I first saw the Todd Burpo book Heaven Is for Real: A Little Boy's Astounding Story of His Trip to Heaven and Back on display several months ago at my favorite rink-a-dink bookstore. I thought the manager was just promoting some dumb little book he liked, so I picked it up, looked at the goofy kid on the cover, read the description on the back, snorted, and put it away.
If the book had just been what I initially thought it was -- some cutesy religious family story that no one was reading -- I would have left it alone. It wasn't written for me. I could (contrary to popular wisdom) tell everything I needed to know about it from the book cover and other trappings. Nearly every blurb is from some pastor or friend. The picture of the little boy who made the "trip to Heaven and back" is of a little buzz-cutted four-year-old, one whom you can easily imagine growing up to be a preacher who bases his ministry on this one event, an event he'd eventually have to be reminded about, since it all happened before he could retain much of his memory. (Mentally replace his sweater vest with a preacher suit and stick a Bible in his hand.) The abstract on the back of the book gives you all the relevant "evidence" that they're basing this trip to Heaven on, and it concludes with the sentence "Heaven Is for Real will forever change the way you think of eternity, offering the chance to see, and believe, like a child." Yeah, no it won't.
Within days of my seeing the book for the first time, I started seeing it everywhere. As it turns out, it had shot up to the top of the New York Times nonfiction bestsellers list pretty quickly after its publication, and it's still there at number one as I write this. So apparently people are reading this thing, and apparently it's a big deal. There's even a children's version of the book now.

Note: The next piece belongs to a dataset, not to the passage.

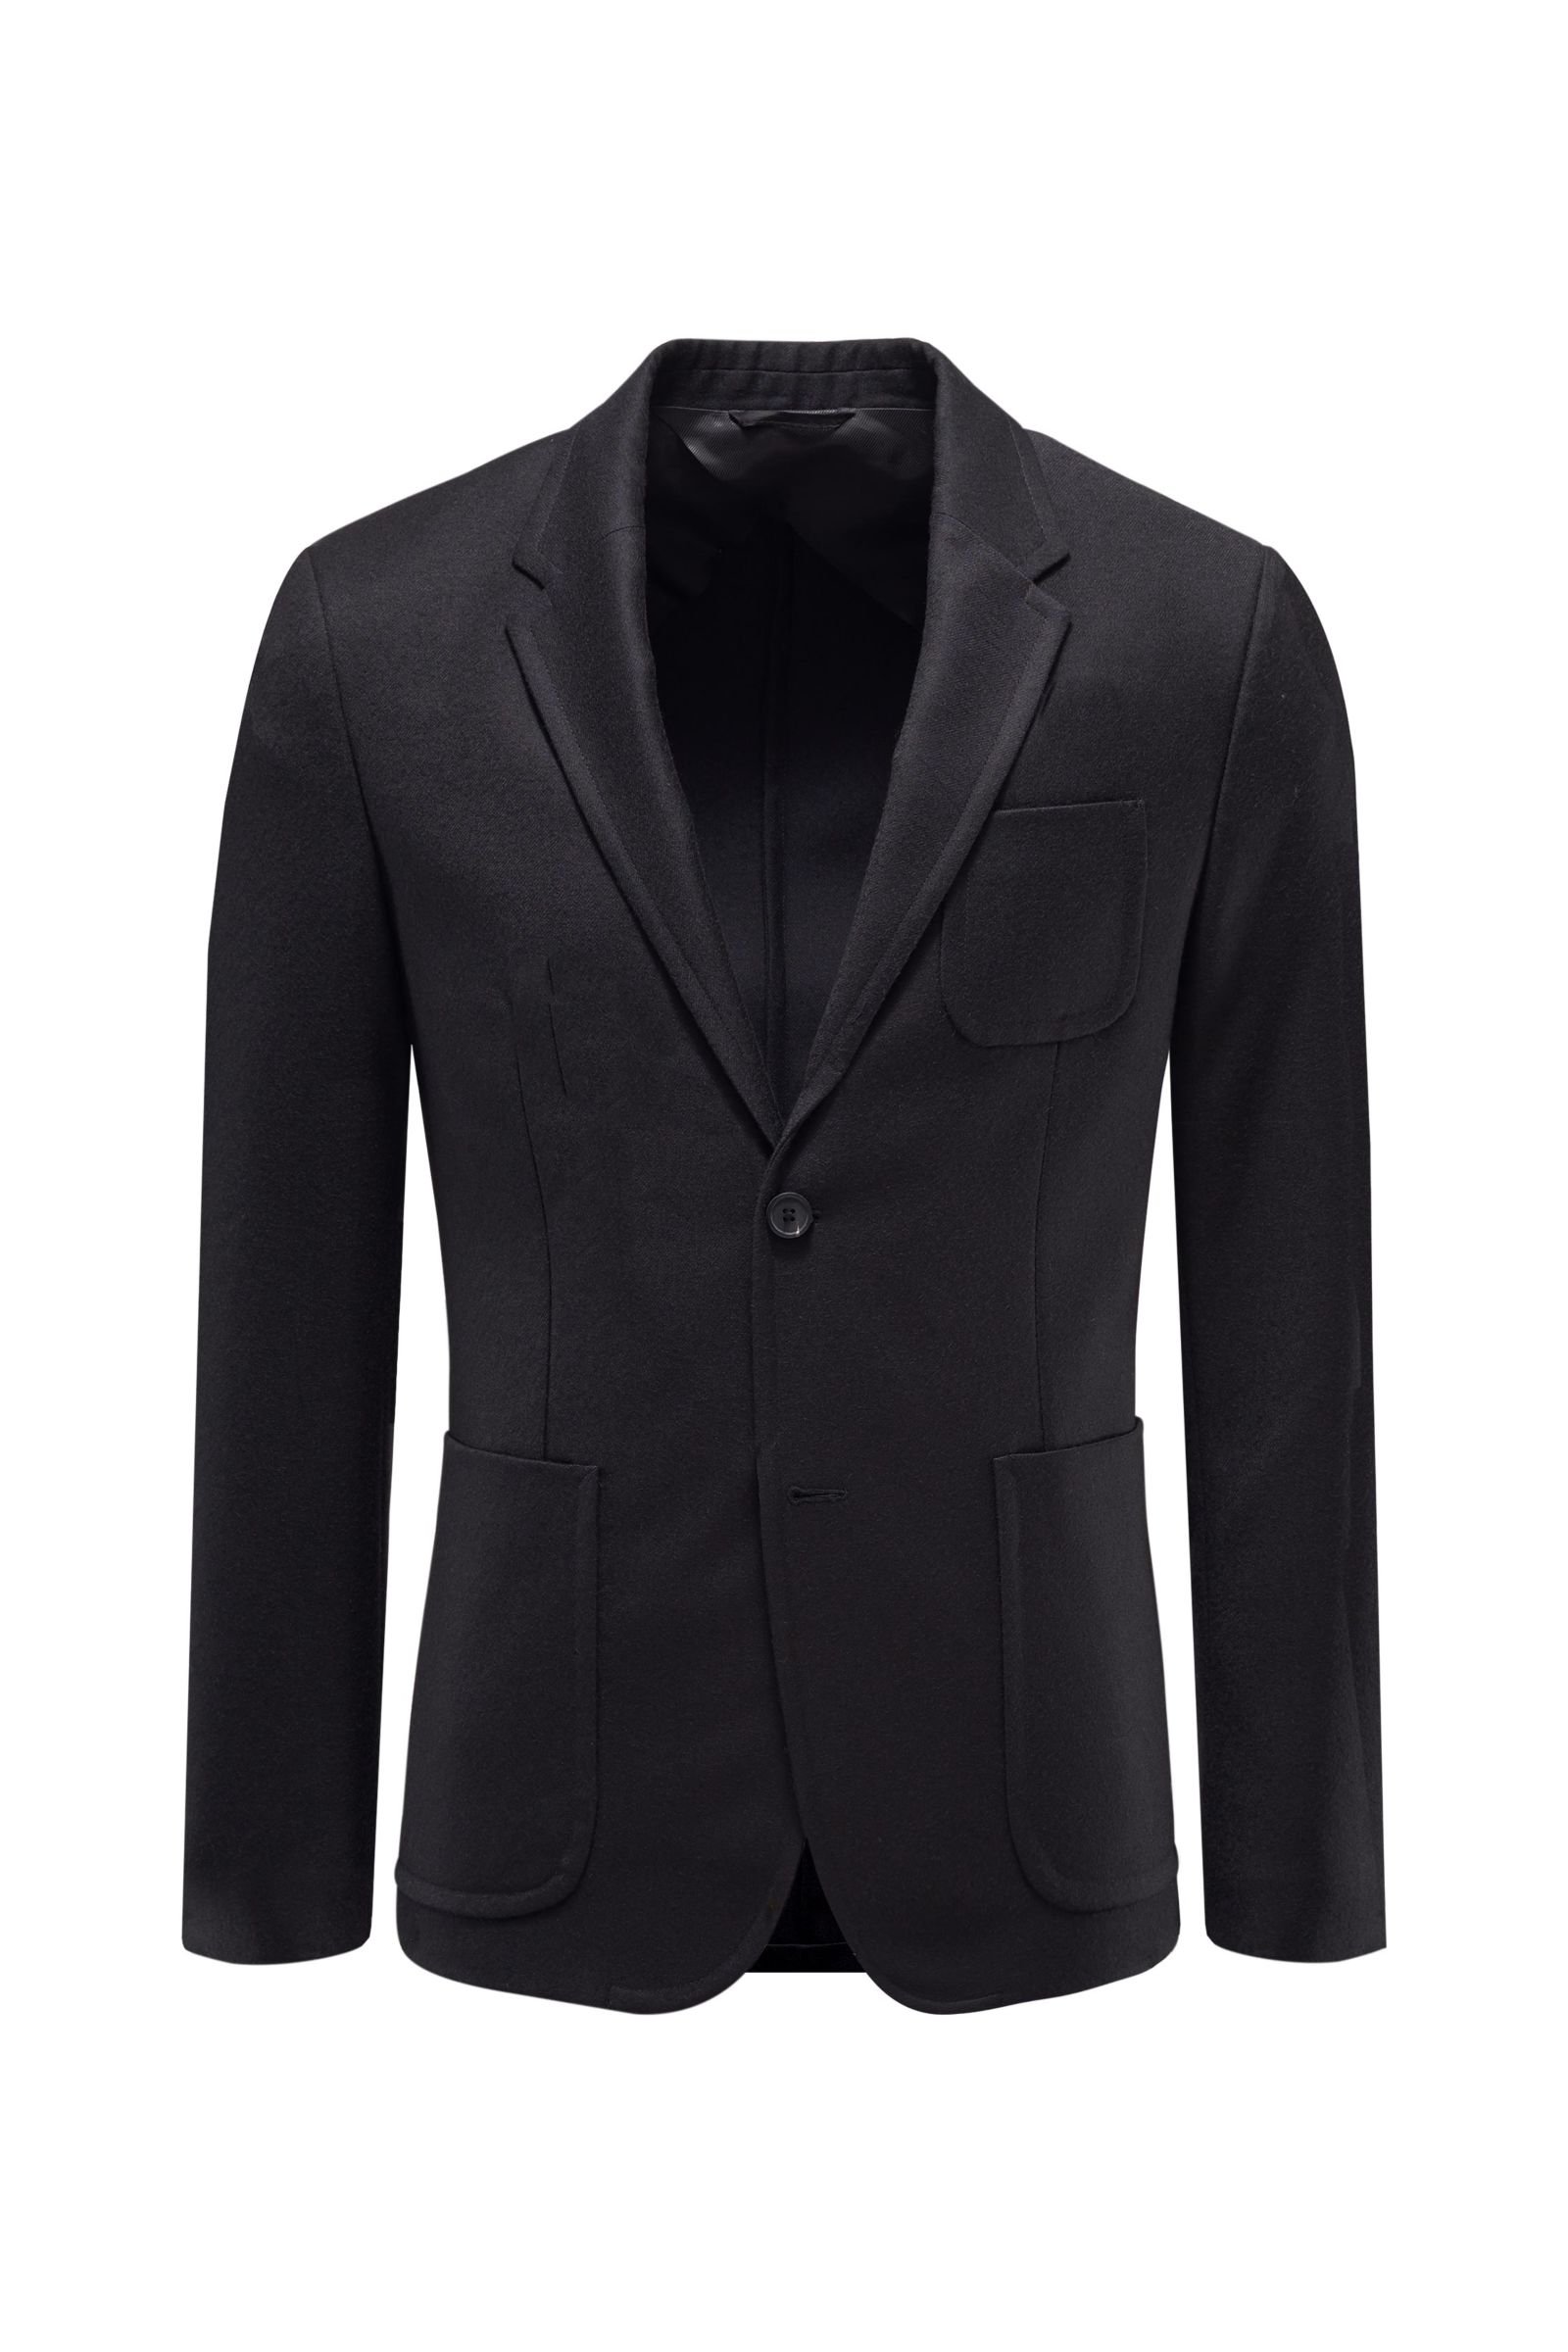 Smart-casual jacket 'Seaton', black
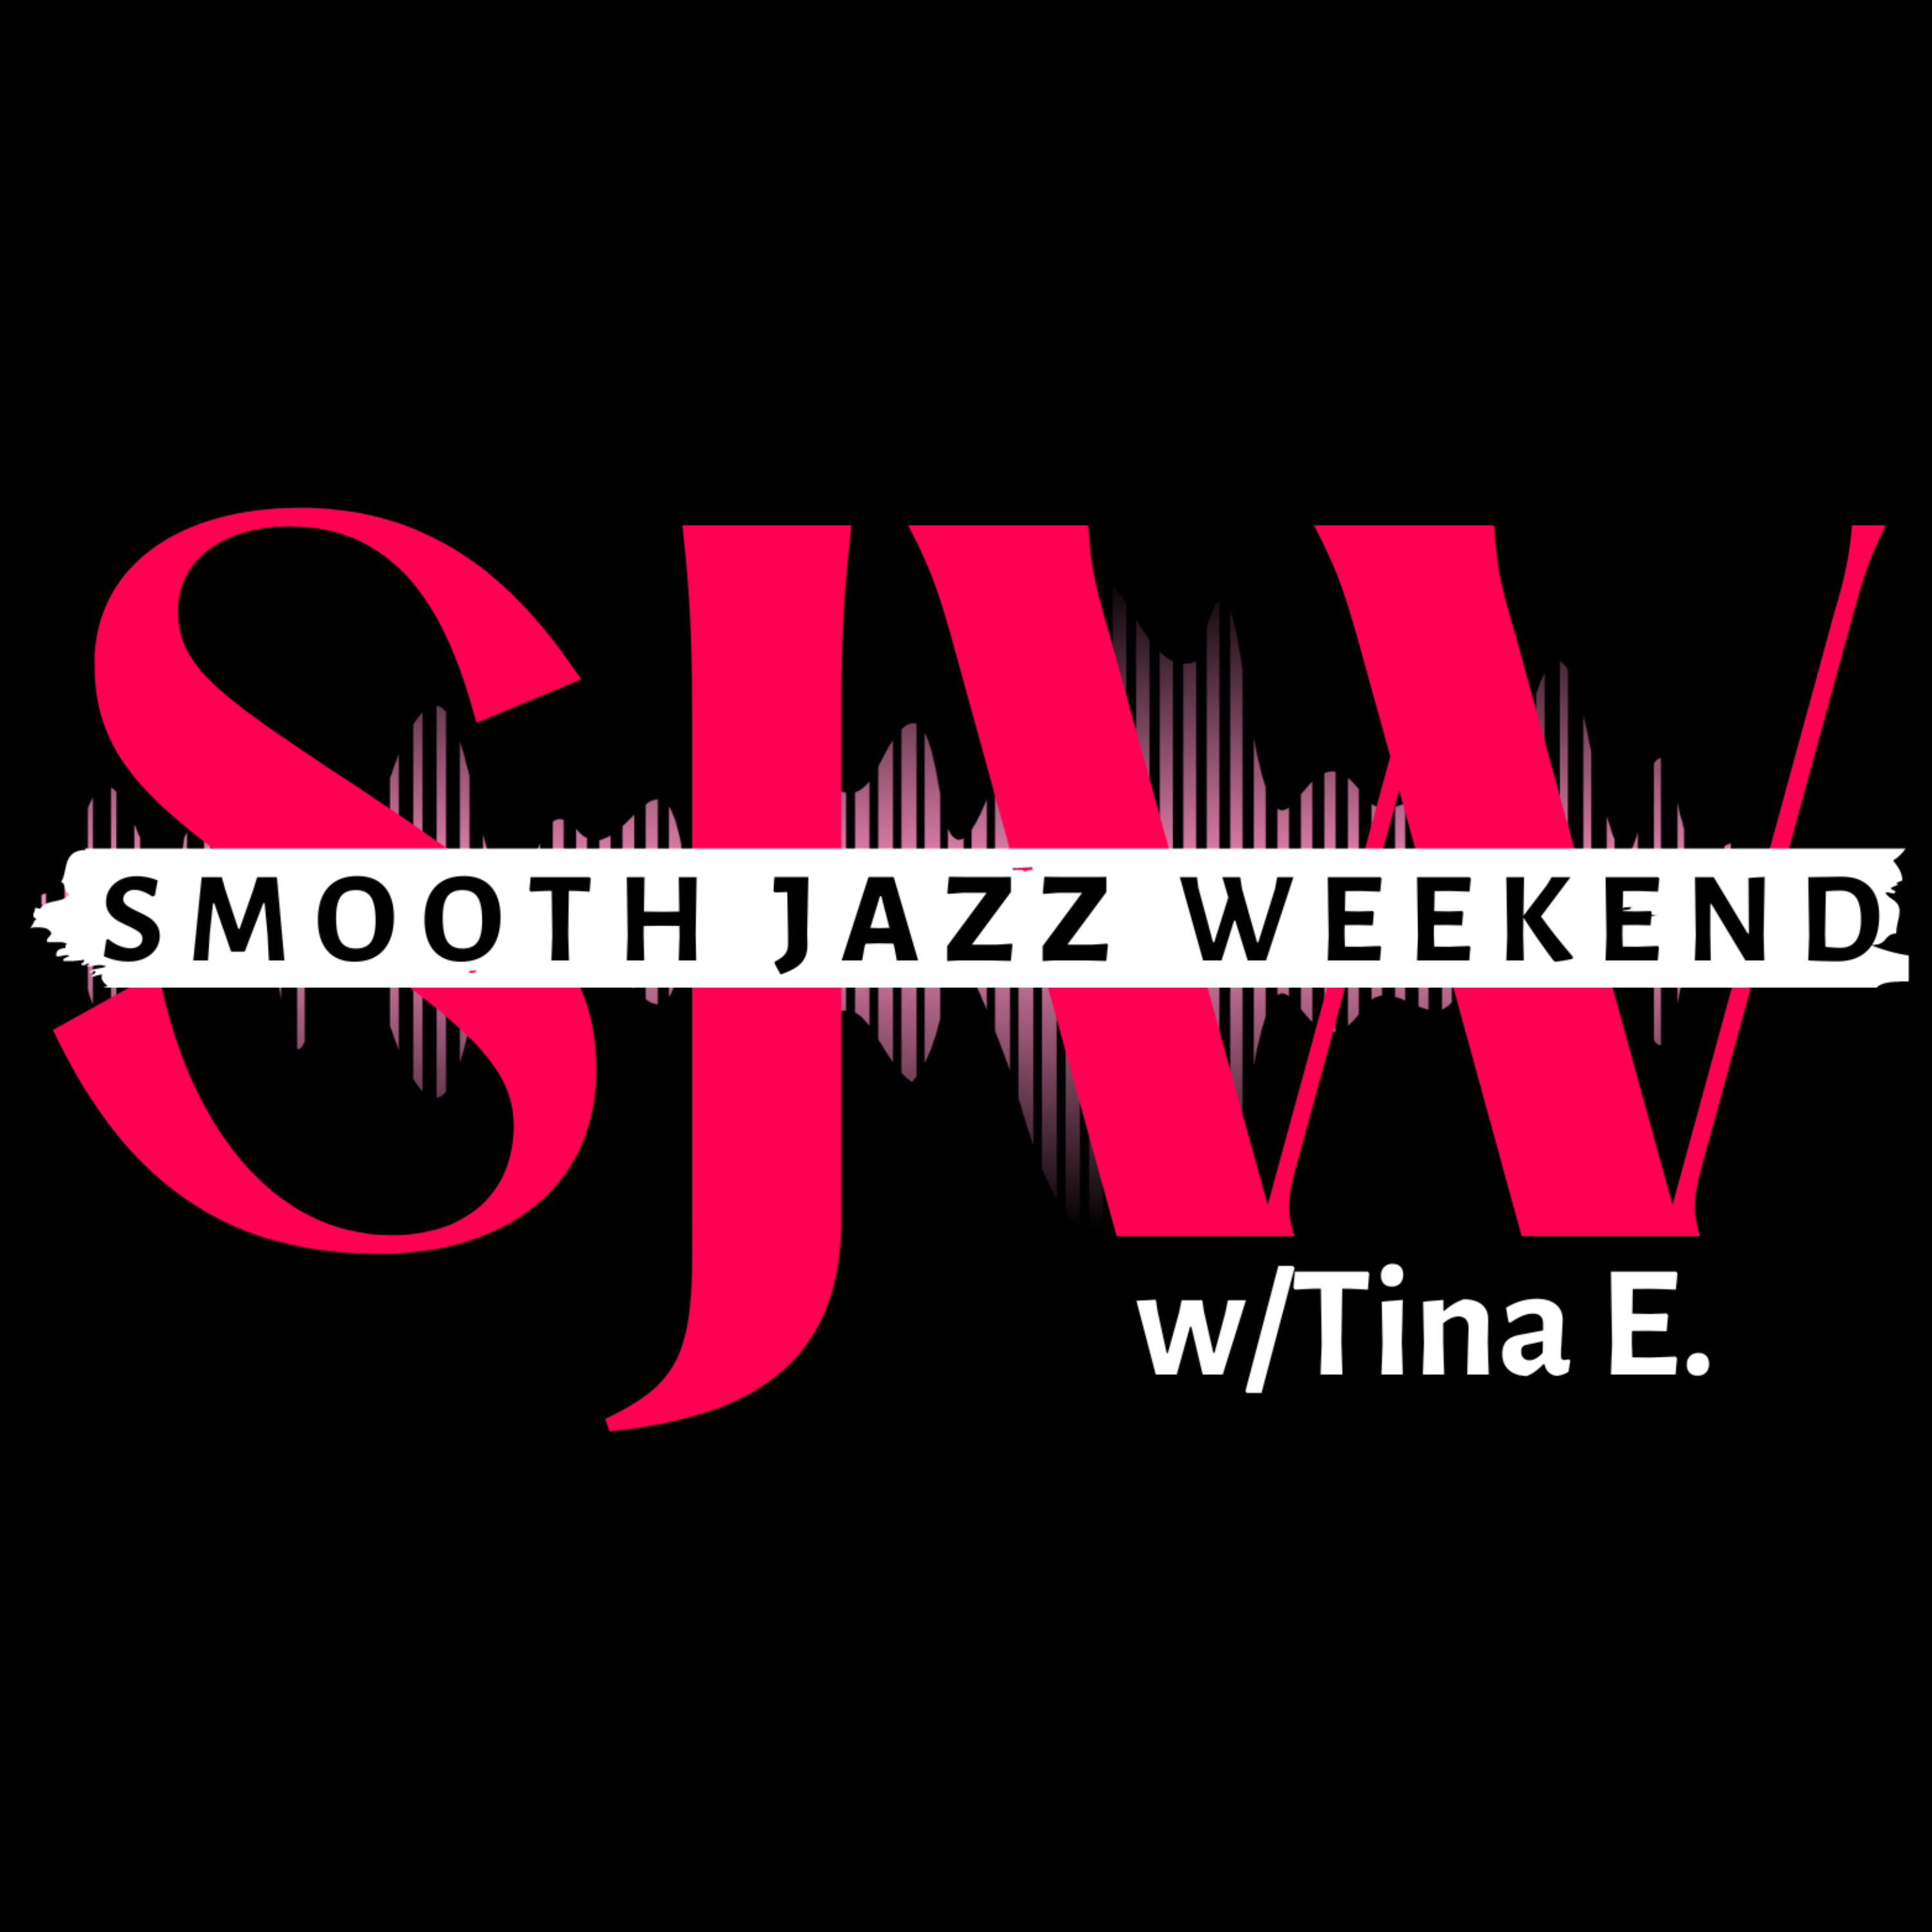 (Deeper) Smooth Jazz Weekend w/Tina E.

I usually enjoy attacking stupid things that gain popularity and make tons of money, but I still felt a reluctance to attack this book. For one, it would mean I would have to read it. But even after I overcame that hurdle, there remained a reluctance to attack. It felt like attacking innocence itself. Then I realized that this was the problem: the innocence of a four-year-old boy had trickled up, not only to his father and family, but also to these hundreds of thousands of readers who were buying -- and "buying" -- this silly little book. (I borrowed my copy from the library, just so you know.) Innocence is charming in a child, but ignorance in an adult is less so, and widespread ignorance is intolerable. Besides, anyone publishing is opening themselves to argument, so -- finally -- I felt justified in doing my small part: throwing my tiny pebble at this Goliath of a book.